### WHAT TO WORK ON
The pictures in the listing below are to be skipped, while the lines between the line holding "Un des ... beaux" and the line holding "Douilles de lampe : Une x E27 (US E26).", inclusive, are to be output exactly.

[Opening INPUT FOR THIS TASK section]

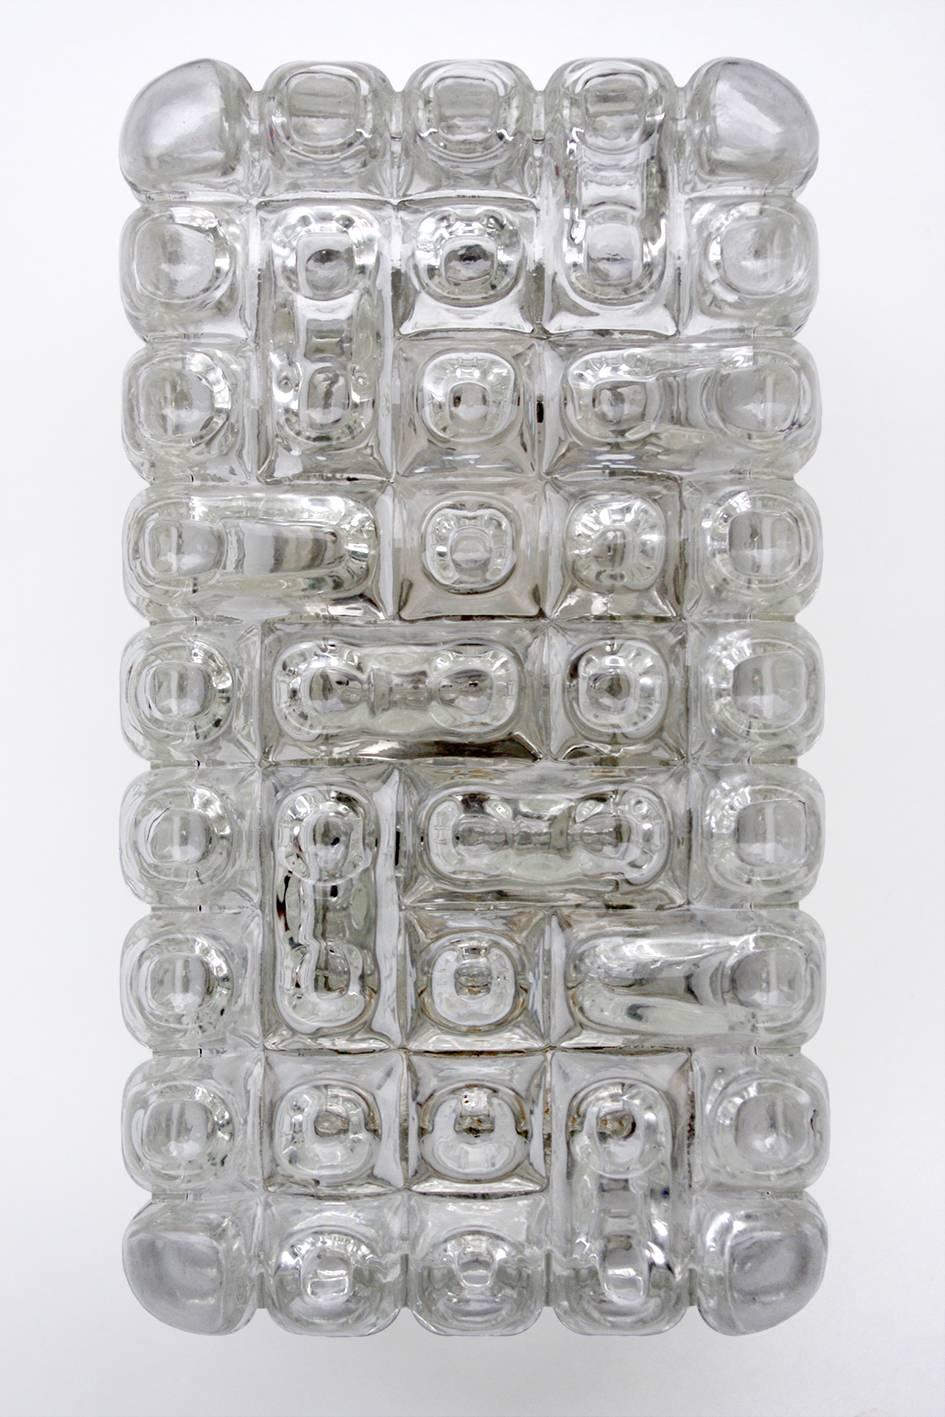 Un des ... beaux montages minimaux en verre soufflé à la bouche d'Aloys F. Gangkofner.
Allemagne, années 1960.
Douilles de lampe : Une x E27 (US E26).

[Closing INPUT FOR THIS TASK section]
[Opening INPUT FOR THIS TASK section]

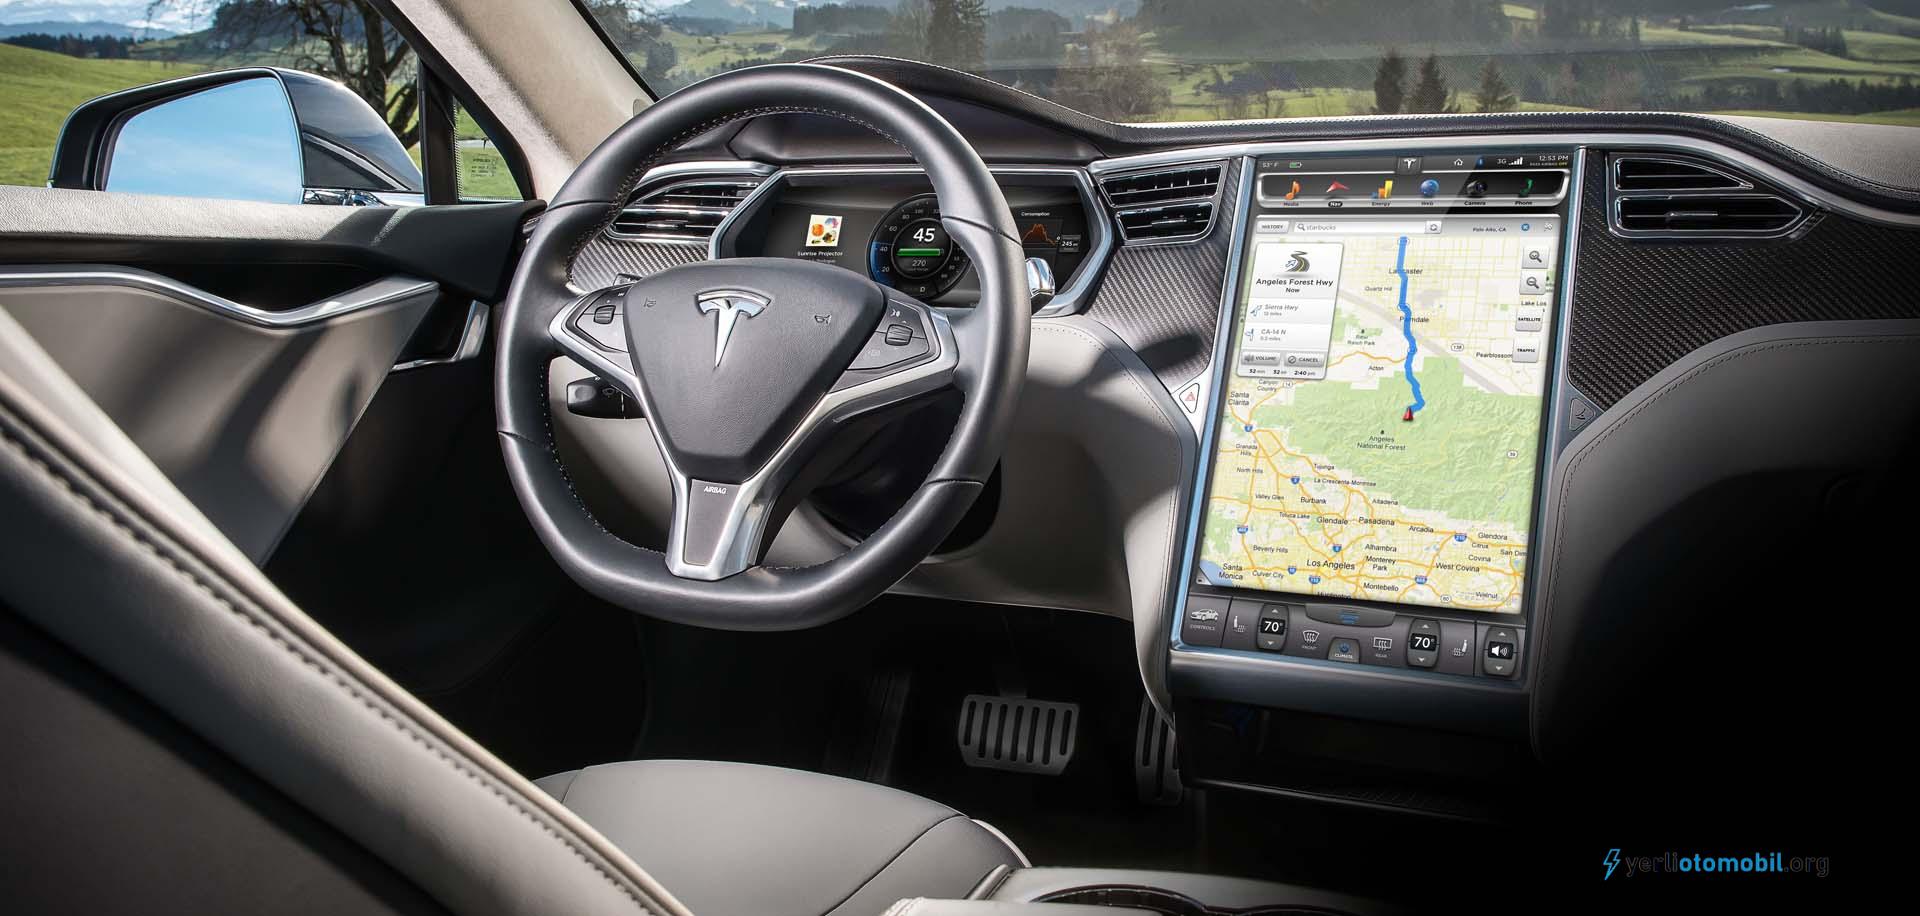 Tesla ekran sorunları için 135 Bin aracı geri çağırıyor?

[Closing INPUT FOR THIS TASK section]
[Opening INPUT FOR THIS TASK section]

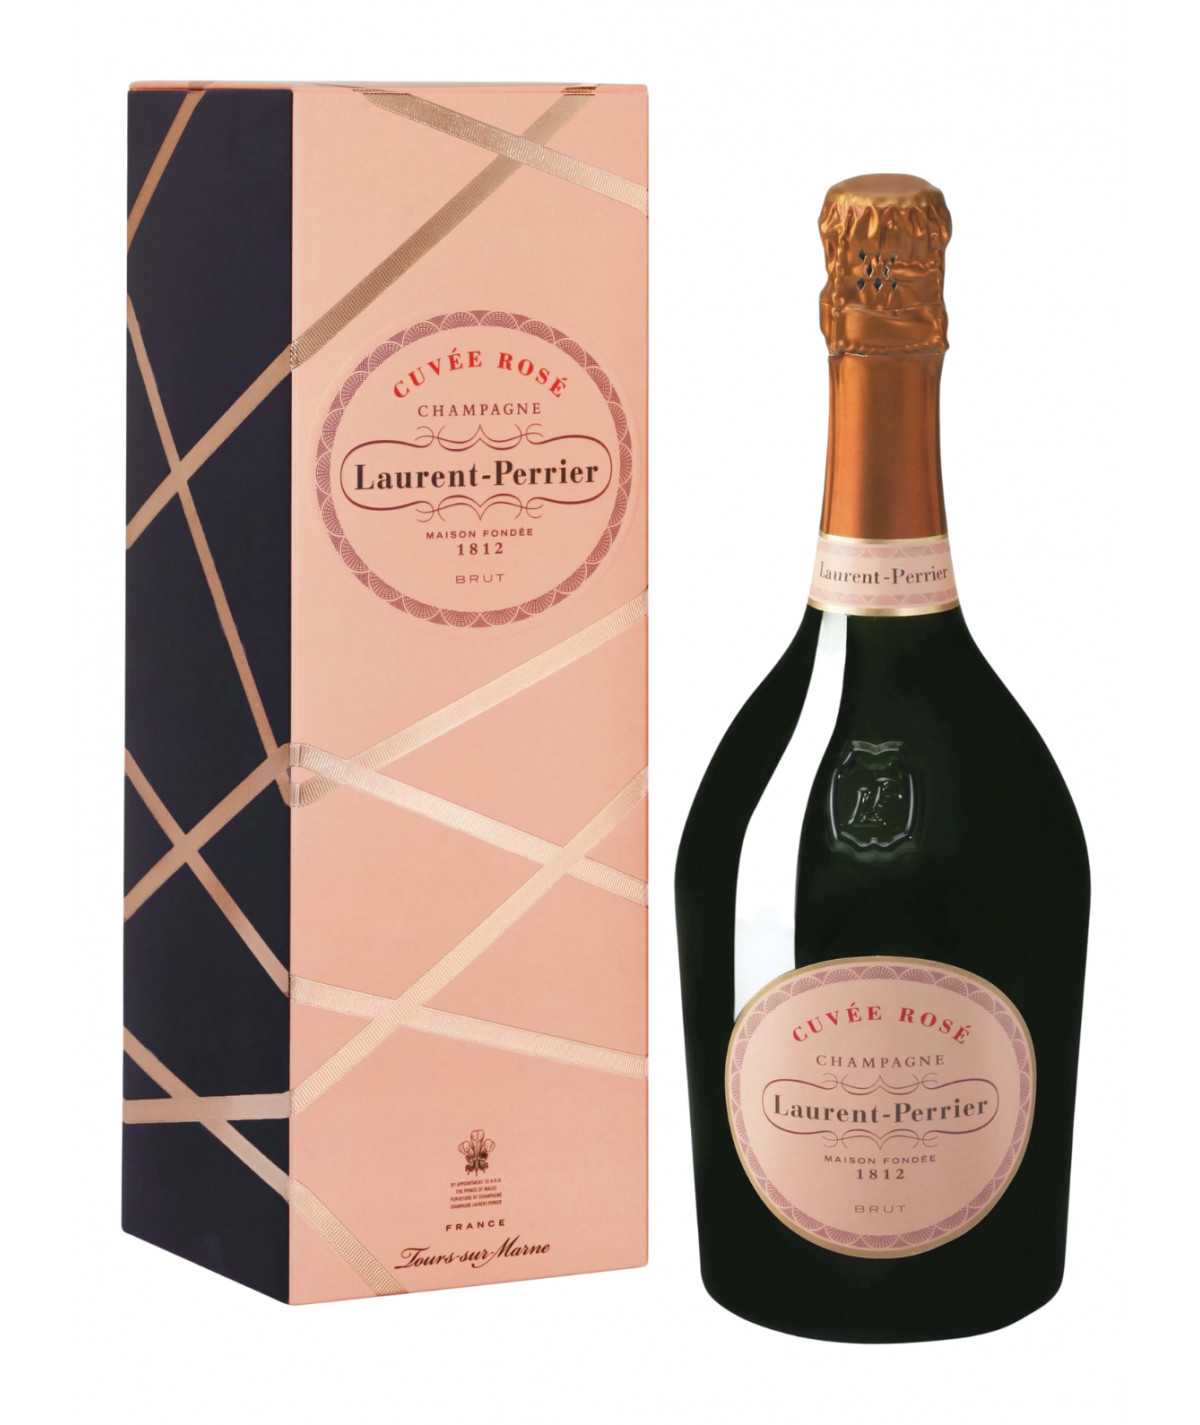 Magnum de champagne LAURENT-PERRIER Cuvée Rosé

[Closing INPUT FOR THIS TASK section]

### RESPONSE
 Un des ... beaux montages minimaux en verre soufflé à la bouche d'Aloys F. Gangkofner.
Allemagne, années 1960.
Douilles de lampe : Une x E27 (US E26).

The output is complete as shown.